Monthly Archives: January 2011

Authority control and identity management

Kathleen’s comment on my last post made me realize that “identity management” and “authority control” are actually two faces of the same coin. It’s just using two expressions (the first scoped “information technology” and the latter “library”, maybe) for essentially the same thing, although implemented differently. Library identity management has some flaws, the major one probably being that for the most part the identification system has not been brought up to speed and transferred into the digital age.

Moreover, I can think of a number of entities that would be better off with a more stringent IM / AC instead of string matching: serials (which in the German and Austrian cataloging community do have identifiers that are linked to from the records and are treated as kinds of authorities), publisher or place of publication (collocating different names of the same place, e.g. Wien, Vienna, Vienne, Beč, Виена etc.).

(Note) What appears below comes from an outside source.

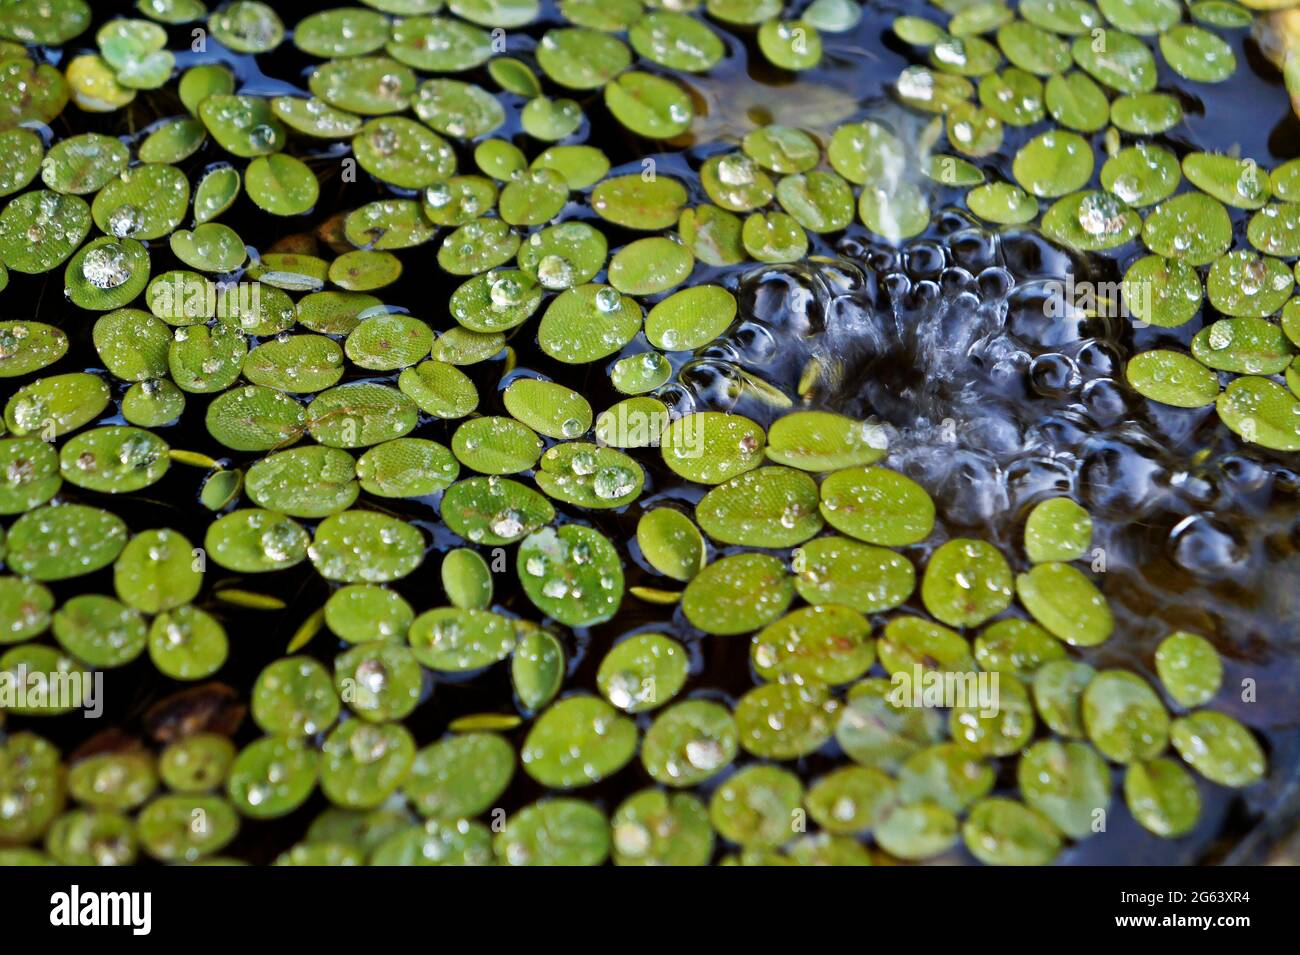 Water plants in the pond (Salvinia auriculata) Stock Photo

Librarians / Catalogers have gathered a lot of expertise in this particular area over the years, we just need to take it a few steps further to fit the online digital environment and build authority control / identity management platforms that can make a real contribution to all kinds of efforts (semantic technologies, digital libraries, digital humanities etc.). One such entity authority tool set that moves beyond traditional library authority practice is EATS, developed and used by the New Zealand Electronic Text Centre. Jamie Norrish anticipated my wanting to bring it up in his comment. 😉 I’ll mention it anyway: see his paper for more in-depth information about EATS (the paper is especially compelling because of its comparison between existing authority control mechanisms and EATS) and another paper he co-authored on the topic maps approach to authority management underlying EATS.

Extending our notion of authority and identity management beyond authors, titles and subjects to other entities in library data creates the opportunity to share links and identifiers with outside communities or across collections and increase search quality through consistency.


Consistency and identity management

Consistency is a strange thing. We are in dire need of it to give computers something reliable to work with, yet we are unlikely to achieve the necessary level of consistency in our data due to various reasons. First, we are human, and inconsistency can be said to be part of human nature; second, there are different catalogers entering data into the same pool who don’t do things exactly the same. We can (and as catalogers, should) strive for as much consistency as possible in our own work, but factors such as the ones just mentioned get in the way.

Current ILS match strings for indexing, so it’s hard for them to tell whether “Oxford UP” and “Oxford Univ. Pr.” and “Oxford University Press” (I’ll spare you other ways to write this – which exist!) are the same or not. Users wanting to browse titles of a certain publisher are left to click through lists of variant names (typos and such included…). Or even worse, failing such an index, they have to search for all kinds of variations.

Why not cluster / merge these under one term? The technical possibilities are there (the freely available Google Refine, or topic maps, for that matter), I’m sure it could be implemented into library systems. A simple list of values to choose from while cataloging would be another, although limited, option. Here software can help straighten out human errors or inconsistencies (which, let’s face it, will continue to exist) and users will benefit from a more time-sparing and useful display. Identity management, anyone?

Moving Forward – blog

In one of his recent postings to NGC4Lib, Jonathan Rochkind mentioned the University of Wisconsin resource discovery blog Moving Forward. As a cataloging geek, I had to go and check it out ;). If you are keen to learn about the inner workings of a discovery system based on Solr and Blacklight (without too much technical detail, unless you want it), about indexing and searching and the interaction between back-end and front-end, this blog is for you. In particular I enjoy the clear and accessible language of the posts.

Just as an example, let me warmly recommend “Bibliographic Description? Bibliographic Interaction!. Enabling users to combine terms across subject headings empowers them to pursue their own semantic interpretations of subjects – they don’t necessarily need to match the subject strings the cataloger came up with. To be honest, these possibilities of subject browsing are really impressive to me, never having seen such an implementation before. It goes to show that with cleverness and the available technology, some of the rigidity of MARC can be overcome and data can begin to “dance” – not clumsily but elegantly.